Sé que mis partidos de fútbol están contados… Por lo menos eso es lo que parece a juzgar por lo que ocurre a mi alrededor: sigo disputando varios partidos por semana, pero cada vez son más numerosas las ocasiones en las que soy el jugador más veterano sobre el terreno de juego. Y eso me hace suponer que más pronto que tarde tendré que colgar las botas, aunque mientras el cuerpo aguante me seguiré arrastrando por las pachanguitas con los amigos, y si hace falta pondré yo el balón para que me dejen jugar.

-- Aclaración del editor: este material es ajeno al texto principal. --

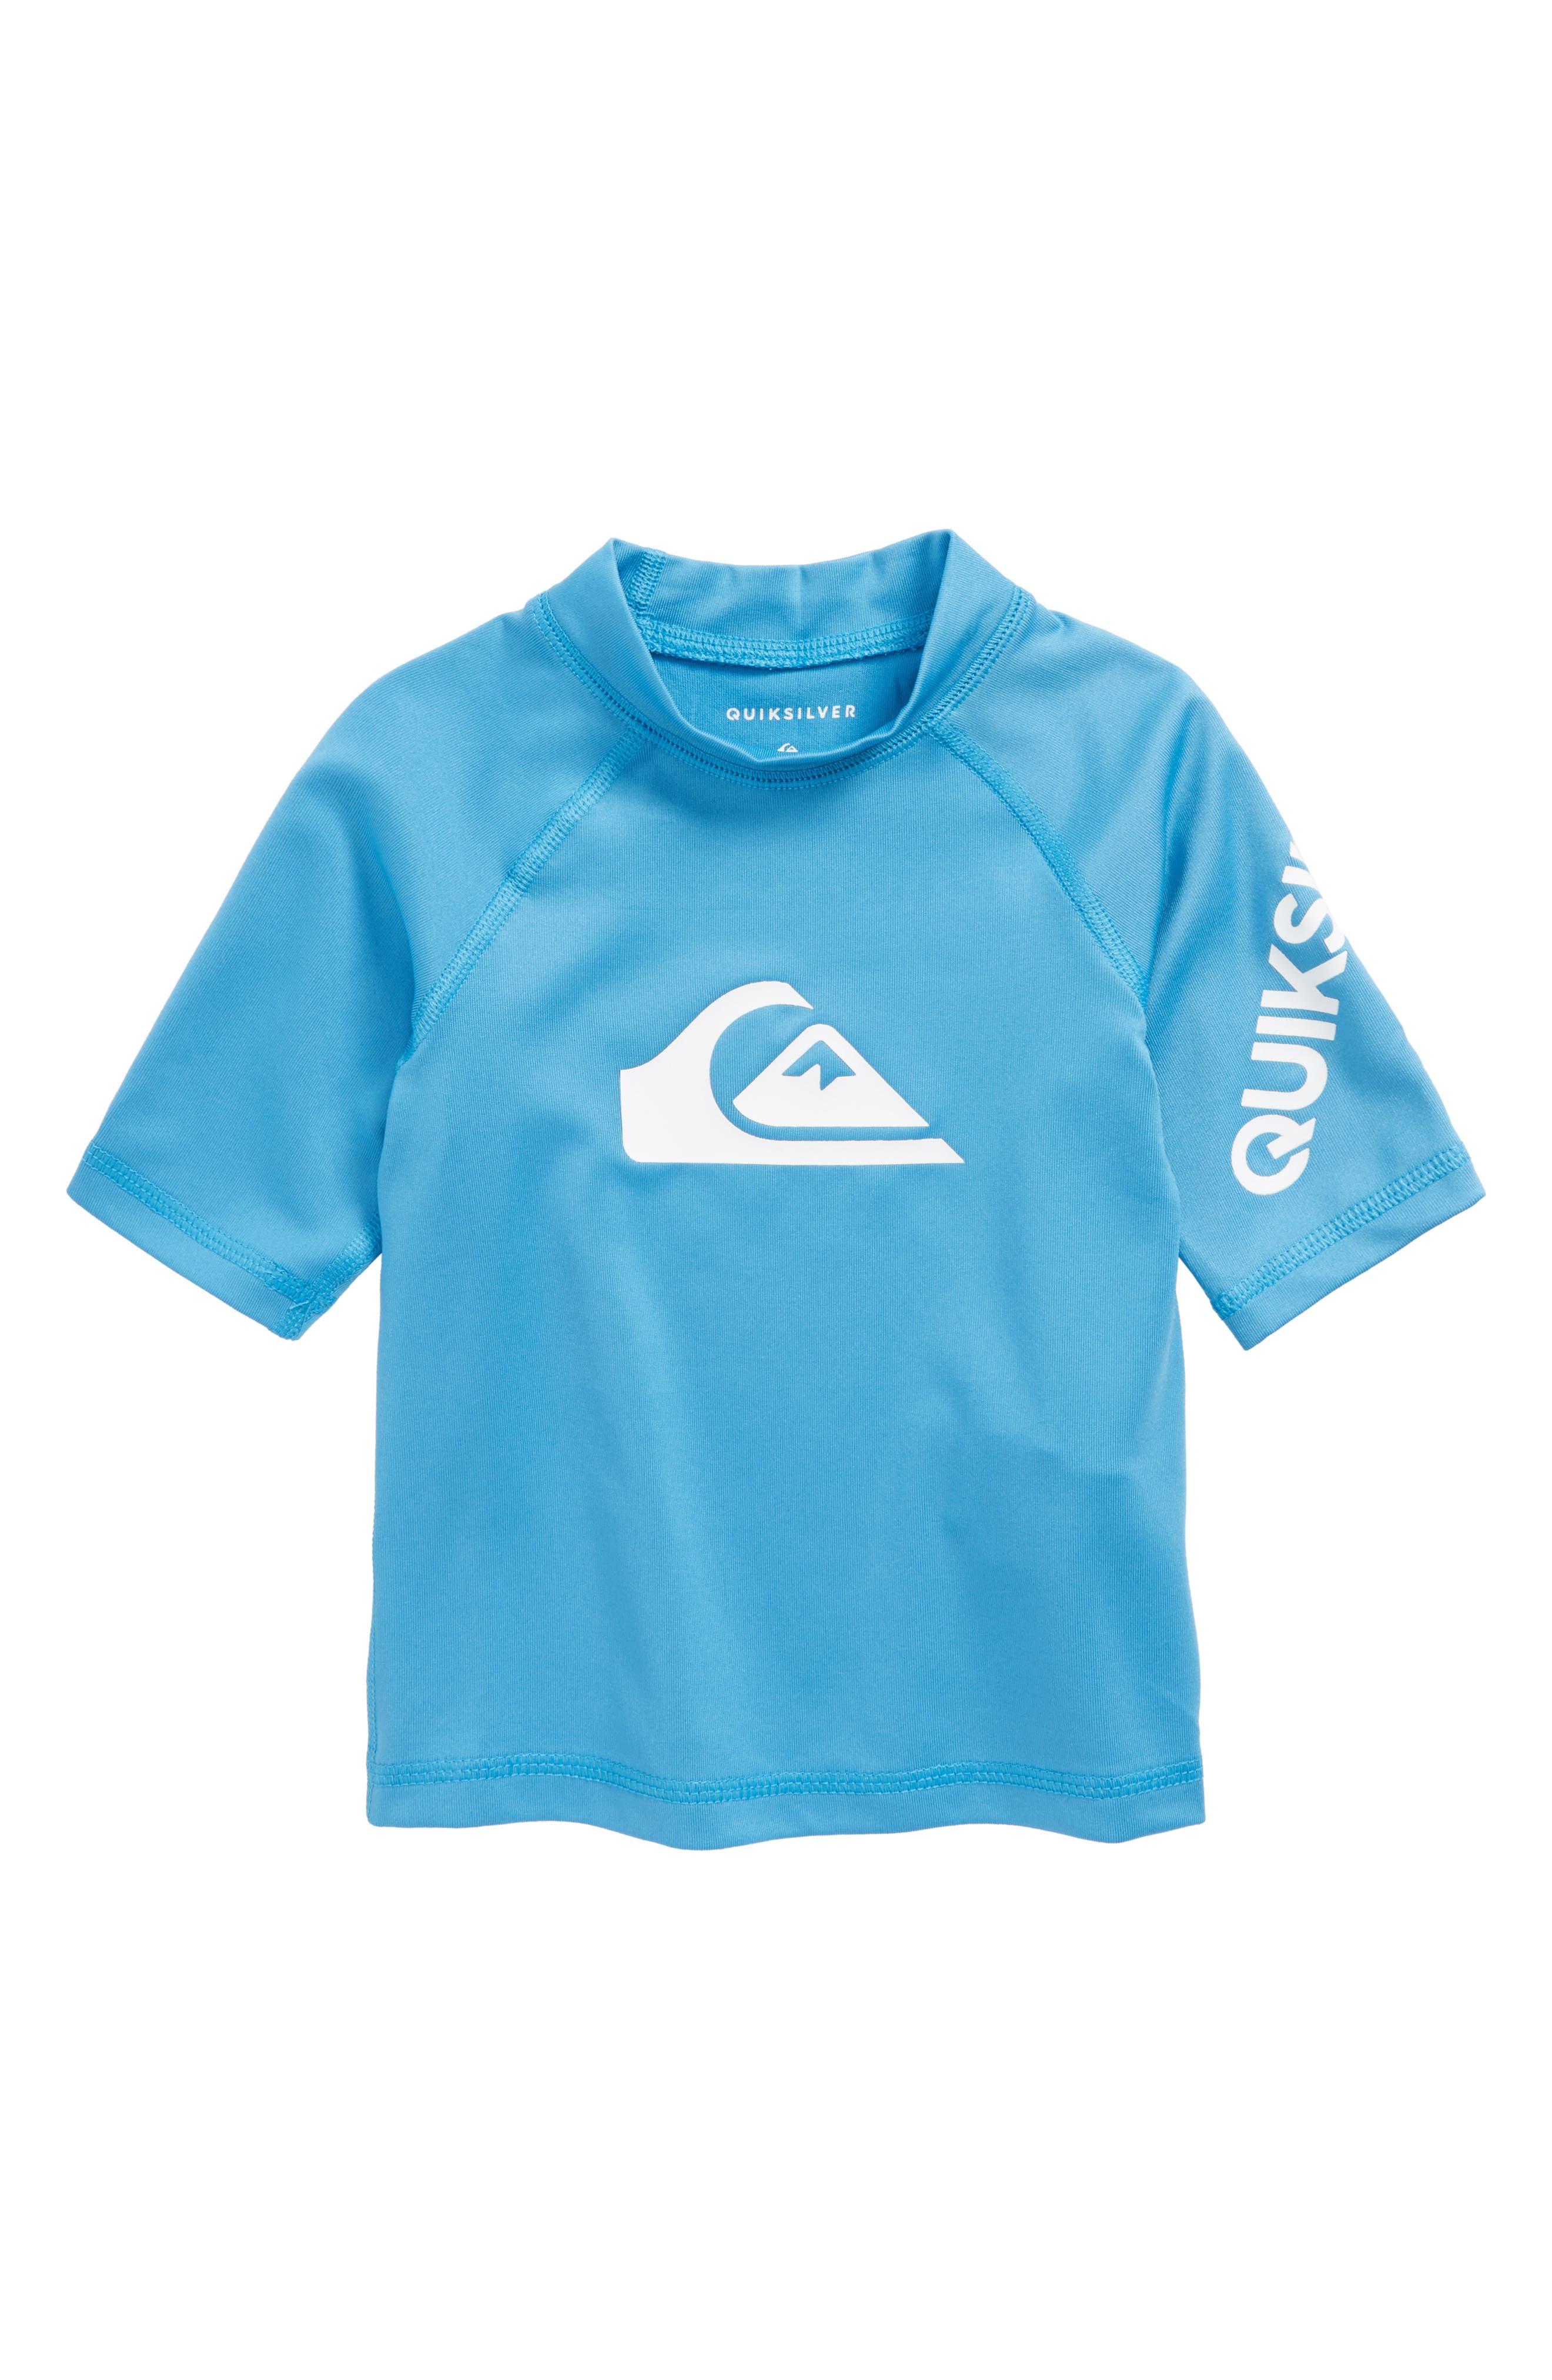 Logo Rashguard Shirt,                         Main,                         color,

Sin embargo, he empezado a buscar un deporte de sustitución: para el tenis me parece que llego tarde, porque requiere de una técnica depurada que, como los idiomas, se aprende mejor de joven; el paddle es más asequible, pero las veces que lo he jugado me he sentido culpable por ser el punto débil de la pareja y ver cómo mi compañero acaba optando por ir a devolver las bolas que van hacia mi esquina; el baloncesto tiene un balón demasiado grande y una canasta demasiado pequeña… Así que, al final, me he decidido por la bicicleta de montaña y a lo largo de este curso he salido unas cuantas veces.

Por eso, este verano me animé y me llevé la bici a Granada y he hecho algunas excursiones lo suficientemente duras como para haberme arrepentido en algún momento de haber ido y lo suficientemente asequibles para volver a salir días después. Una de esas excursiones fue por una pista que va hacia el Trevenque, el rey de la baja montaña granadina.

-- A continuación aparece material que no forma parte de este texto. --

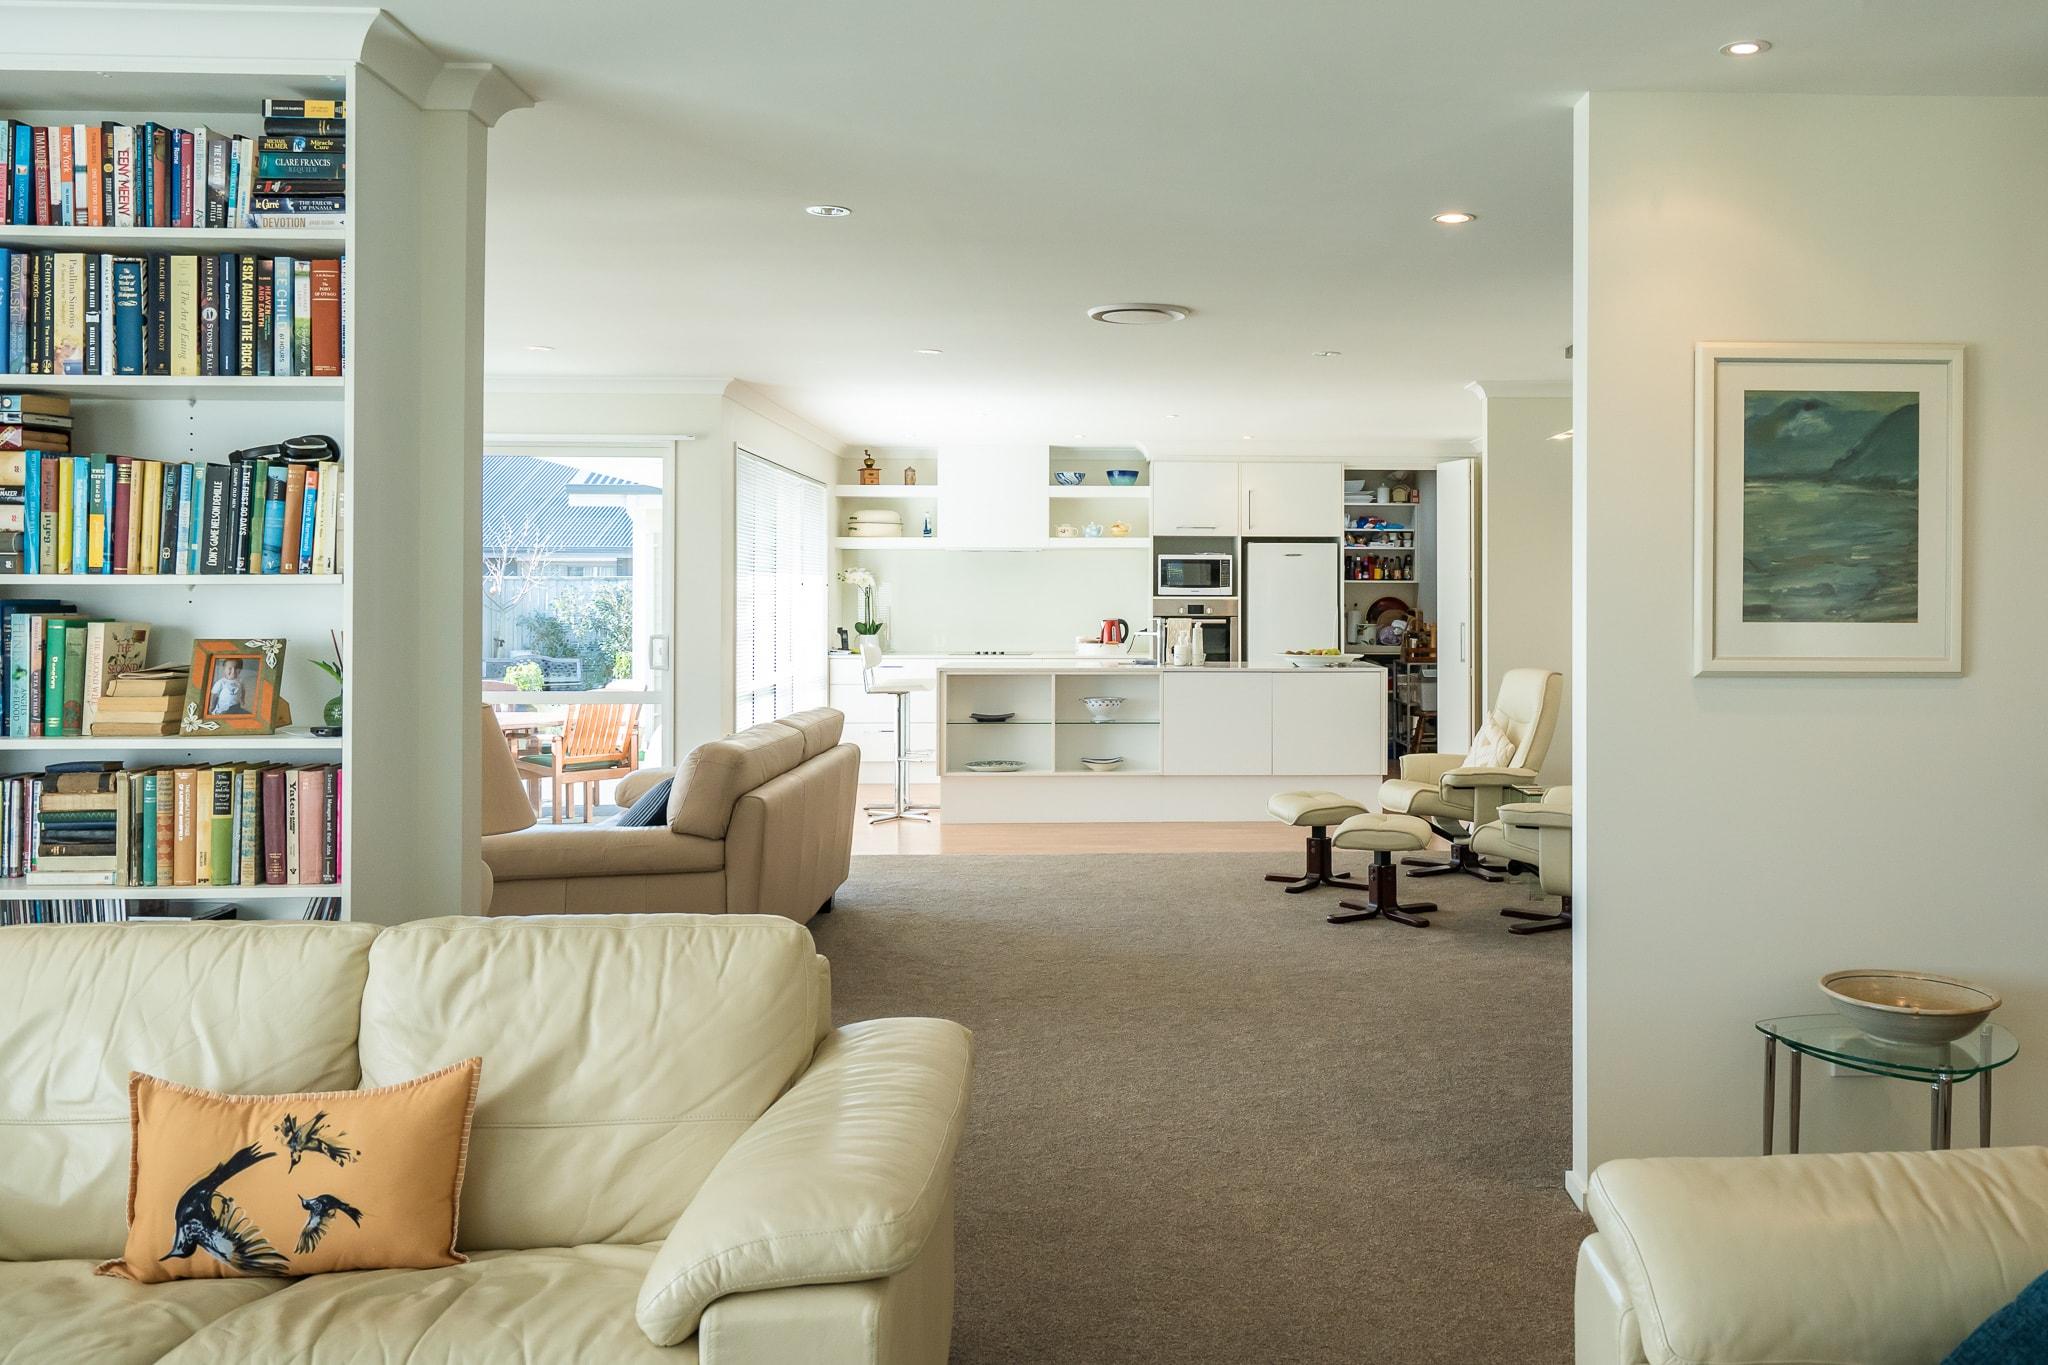 robertson_building_canterbury_ltd_ballarat_small_65-min.jpg

Llevábamos ya unos veinte kilómetros de subida casi continua cuando en la última cuesta los rodamientos de mi bici decidieron solidarizarse conmigo y decir «hasta aquí hemos llegado». En realidad, no era la última cuesta, pero fue la última porque no se podía seguir con la bici en aquellas condiciones. El problema es que quedaban, por lo menos, otros veinte kilómetros de vuelta… Afortunadamente, dio la casualidad (prefiero llamarlo divina providencia) de que nos encontramos en aquella pista perdida entre los montes a Mauro y Paloma con su hijo de tres años que habían decidido coger el coche y explorar esa parte de la sierra sin tener muy claro dónde acabarían… y sin saber que iban a acabar en el sitio exacto para poder echarnos una mano.

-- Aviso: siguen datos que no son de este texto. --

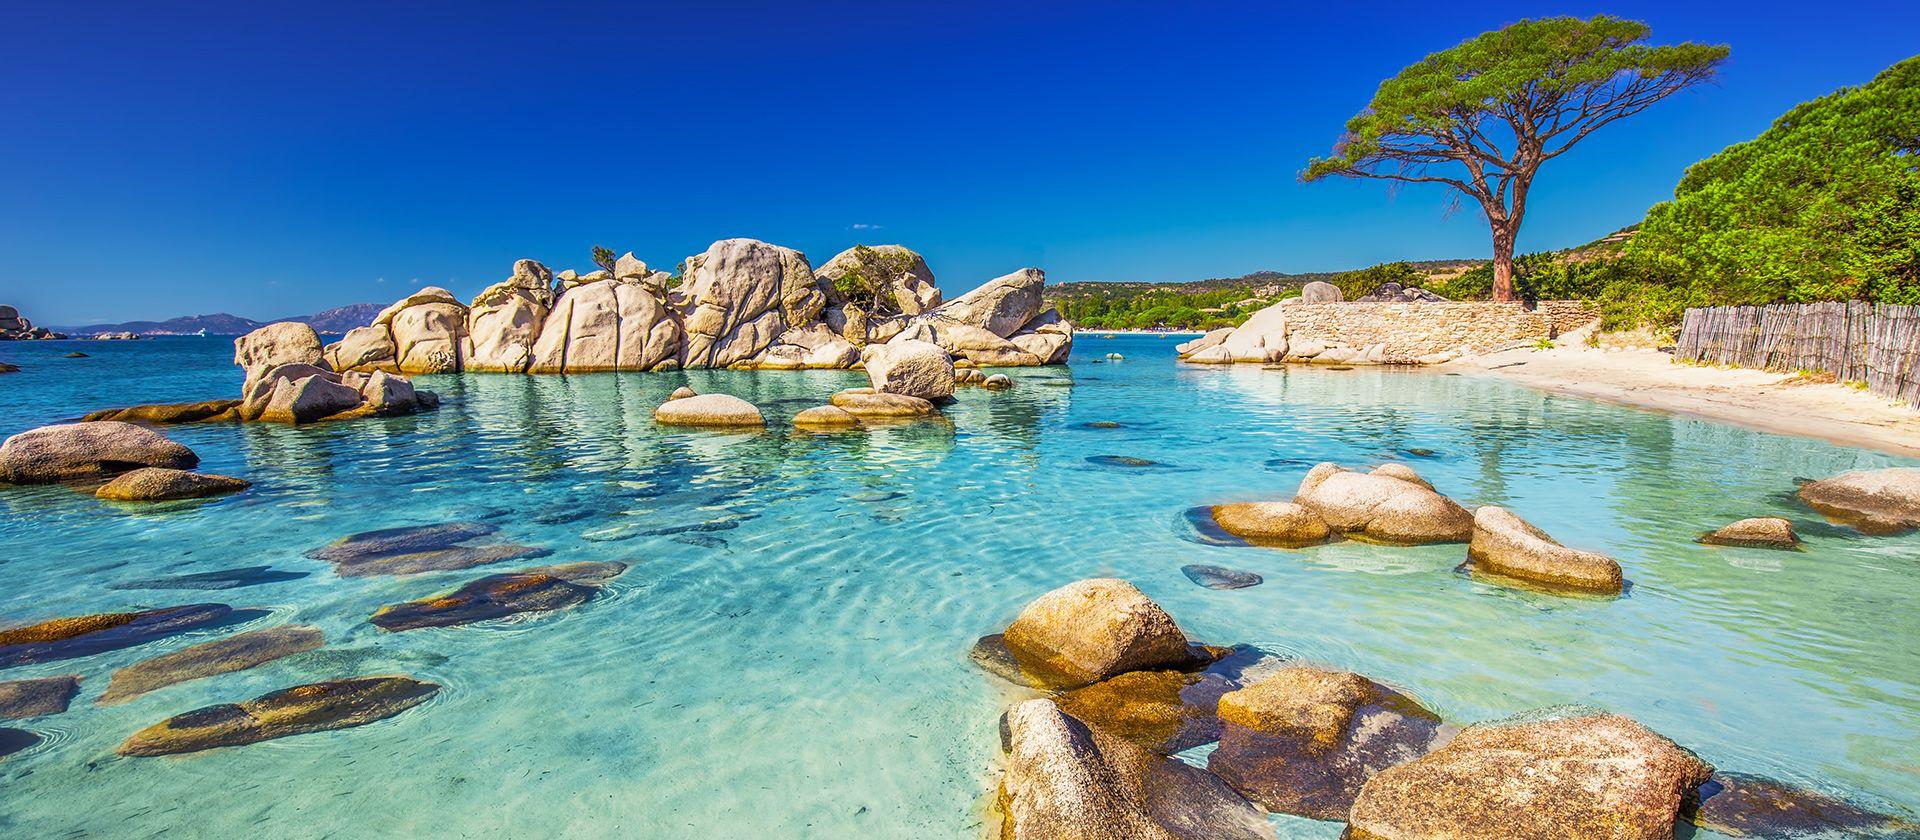 Location Vacances Corse Du Sud

Metimos como se pudo la bicicleta en el maletero que tuvimos que atar con un gancho para dejarlo medio cerrado y me bajaron hasta el pueblo, mientras los demás volvían al punto de partida, a través de 20 agradecidos kilómetros de bajada. Aunque el realmente agradecido fui yo, porque es muy de agradecer que alguien se preste a terminar su excursión y llenar el coche de polvo para llevar a un perfecto desconocido hasta un pueblo perdido. Me dejaron a la entrada del pueblo y sacamos la bici del coche, pero se les olvidó en el manillar el gancho con el que habíamos cerrado el maletero.

Como más o menos me habían indicado por dónde quedaban las casas rurales en las que estaban veraneando, cuando mis amigos vinieron a recogerme, decidimos volver a buscarles para devolverles el gancho y, de paso, darles unos euros con los que lavar el coche que había quedado más que empolvado… Encontré a Mauro después de un rato de búsqueda y le devolví el gancho, pero se negó en rotundo a aceptar el dinero. «La vida es una cadena», me dijo, e igual que él me había recogido a mí, a él le habían recogido hacía ya un tiempo después de darse un buen golpe con su bicicleta. Y ahora soy yo el que ha quedado con deuda de agradecimiento y mientras la vida me da la oportunidad de devolver el favor, aquí les escribo esto a Mauro y Paloma, aun a sabiendas de que nunca lo leerán.